[Opening RECORDS FOR PROCESSING section]

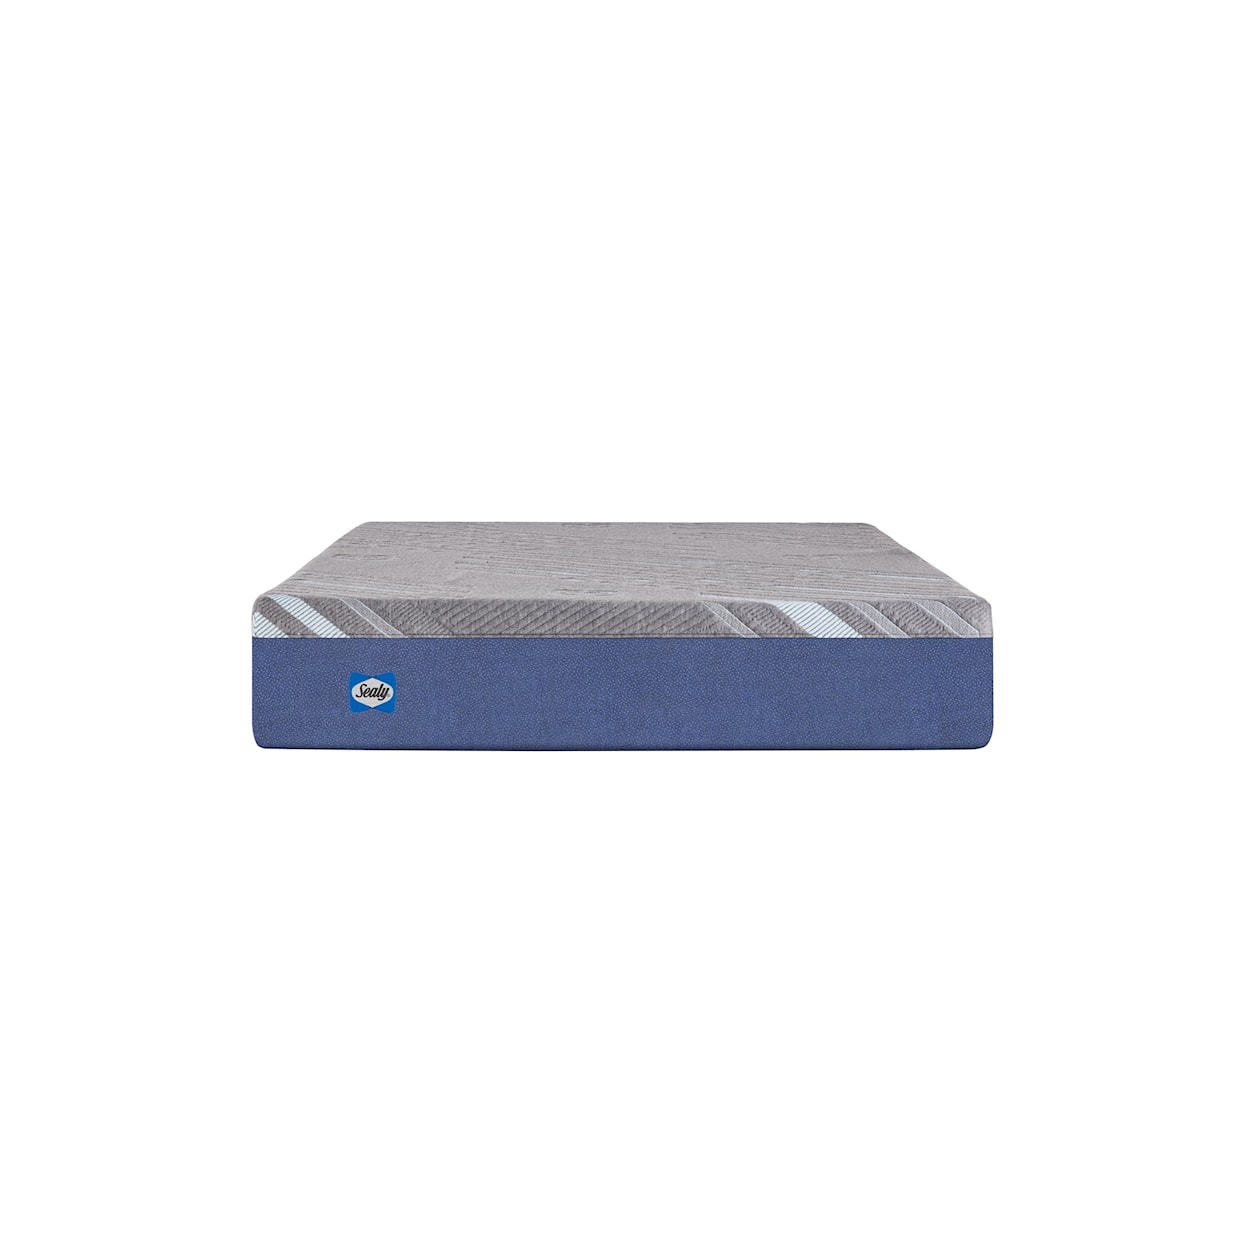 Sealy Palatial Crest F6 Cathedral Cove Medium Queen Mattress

[Closing RECORDS FOR PROCESSING section]
[Opening RECORDS FOR PROCESSING section]

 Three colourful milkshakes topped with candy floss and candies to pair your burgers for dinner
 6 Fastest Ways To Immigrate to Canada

[Closing RECORDS FOR PROCESSING section]

YOUR INSTRUCTIONS
Print exactly the lines above, between the one holding "Three colourful milkshakes" and the one holding "6 Fastest Ways To Immigrate to Canada", inclusive, and nothing besides.

RESULT OF THE TASK
 Three colourful milkshakes topped with candy floss and candies to pair your burgers for dinner
 6 Fastest Ways To Immigrate to Canada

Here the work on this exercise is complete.